Rent Control petition on the first date of hearing itself namely, 8.12.88, it cannot be said that the tenant is guilty of wilful default and therefore, the

order of eviction on that ground cannot be sustained. For this proposition, the learned counsel for the revision petitioner brought to my notice three

judgments reported in Abdul Hameed v. M. Sultan Abdul Kader, 1996 T.L.N.J. 339 (Justice A.R. Lakshmanan) A.M. A. Jabaar v. T.S. Abdur

Bari and two others, 1997 (2) L.W. 616 (Justice A.R. Lakshmanan) and V. Krishna Mudaliar Vs. Lakshmi Ammal, .. It is no doubt true that in all

those cases, it was held that if the tenant paid the rent, which was in arrears, immediately after the filing of the eviction petition at any time before

the first hearing, it cannot be said that the tenant has committed a wilful default. I have perused the judgments very carefully. In all those cases, I

find that the explanation offered by the tenant for not paying the rent earlier was found satisfactory and in the context of that explanation and in the

light of the payment of the arrears of rent as stated above, the court held that there was no wilful default on the part of the tenant, on paying the rent

immediately after the filing of the Rent Control Petition. I am yet to come across a case, where the tenant was relieved of the disqualification, which

he has suffered, to continue any more in the occupation of the building on the mere fact of paying the rent pending proceeding without there being

any acceptable explanation for non-payment of the same as and when it became due. There cannot be any hard and fast rule to that effect,

because, if that is the position in law, then there can never be an order of eviction on the ground of wilful default, if the tenant, who had been

indifferent all along in paying the rent after the Rent Control petition was filed. That does not appear to be the trend of the decisions referred to

above. In this case, I find that the explanation offered by the tenant is wholly unsatisfactory and it is an afterthought. This is the position of facts.

Mere payment of rent by the tenant as stated above in this case would not absolve him of the disqualification which he had suffered already.

41. In B. Anraj Pipada v. V. Umayal, 1998 (3) LW 159, S. Jagadeesan, J. has held as follows:

When the eviction proceedings have been initiated on, the ground of wilful default, one would expect the tenant to pay the rent regularly every

month atleast after the initiation of the proceedings. When the tenant has failed to pay the rent regularly even during the pendency of the

proceedings than there is no doubt that his conduct in paying the rent as he likes, will amount to wilful default.
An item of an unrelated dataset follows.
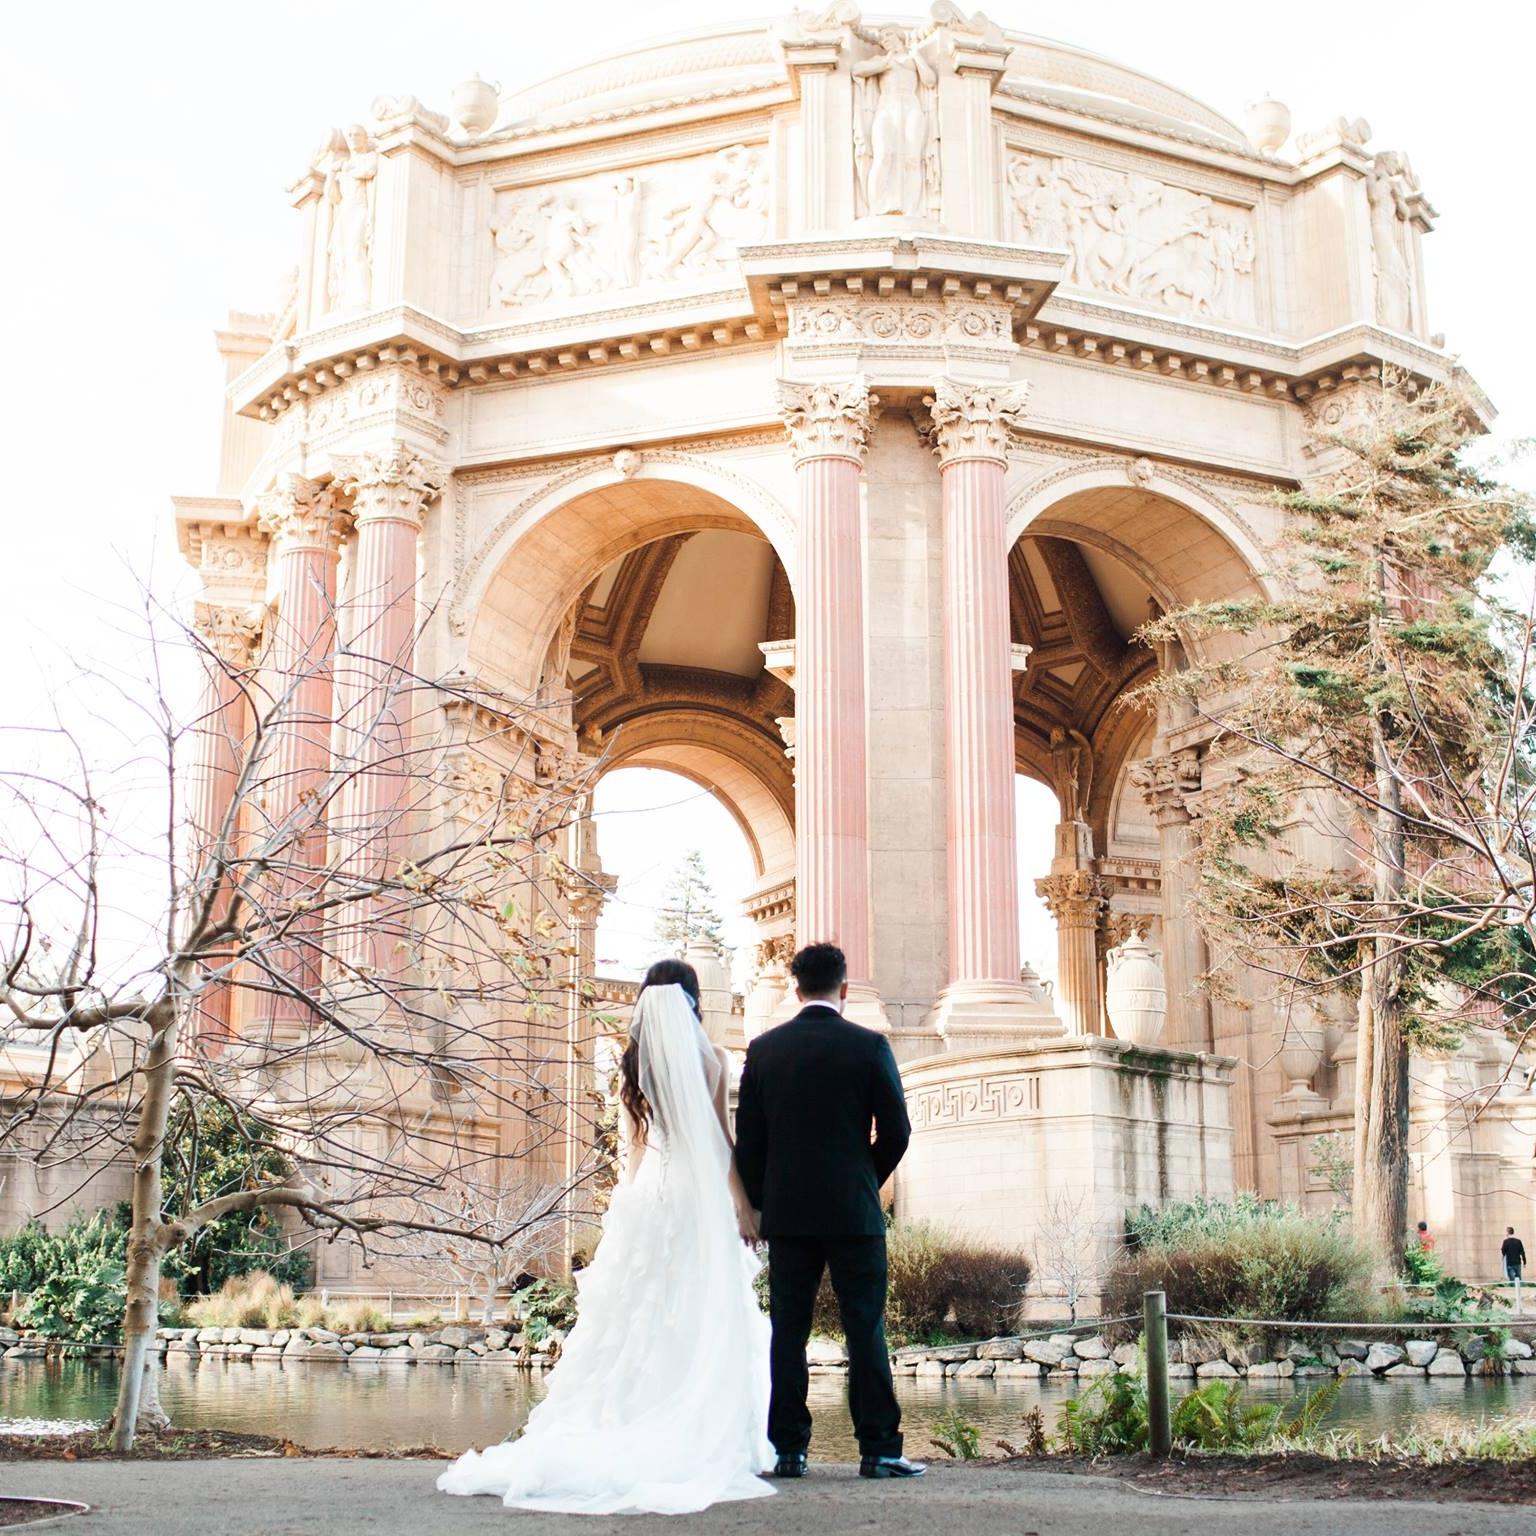 A + O Wedding - Ceremony Location: St. Cecilia Catholic Church, San Francisco, CA /Reception Location: House of Banquets, San Francisco, CA | October 28, 2016

42. Under the facts and circumstances of the case, particularly in the light of the evidence of PW1 and exhibits P1 and P2 and for the reasons

discussed above, I am satisfied that there are substantial material evidence to show the respondent-tenant had committed wilful default and

therefore, the mere deposit of the arrears of rent for the period from January 1987 to March 1988 on 8.3.1989, pursuant to the order dated

30.9.1988 made in M.P.No. 1160 of 1988, filed u/s 11(4) of the Act, will not remove the disqualification which the respondent-tenant had already

suffered in the eye of law and hence, applying the principles laid down in Nilgiris Co-operative Marketing Society etc. v. C.T. Uthandi reported in,

1998 (2) LW 216 and reported in B. Anraj Pipada v. V. Umayal, 1998 (3) LW 159, I am obliged to hold that the respondent had committed

wilful default, in paying the rent, in the eye of law, which cannot be erased merely because he had deposited the entire arrears of rent on 8.3.1989

on the application filed u/s 11(4) of the Act. The learned Appellate Authority, while setting aside the order of eviction of the learned Rent

Controller, had not gone into the wilful and deliberate conduct of the tenant in paying the rent for the period from January 1987 to March 1988, to

the petitioners, as discussed above.

43. In result, the revision is allowed and consequently the order of the learned Appellate Authority is set aside and the order of the learned Rent

Controller is confirmed. The respondent-tenant is given two months time to vacate and hand over the vacant possession of the petition premises to

the revision petitioners. However, there is no order as to costs.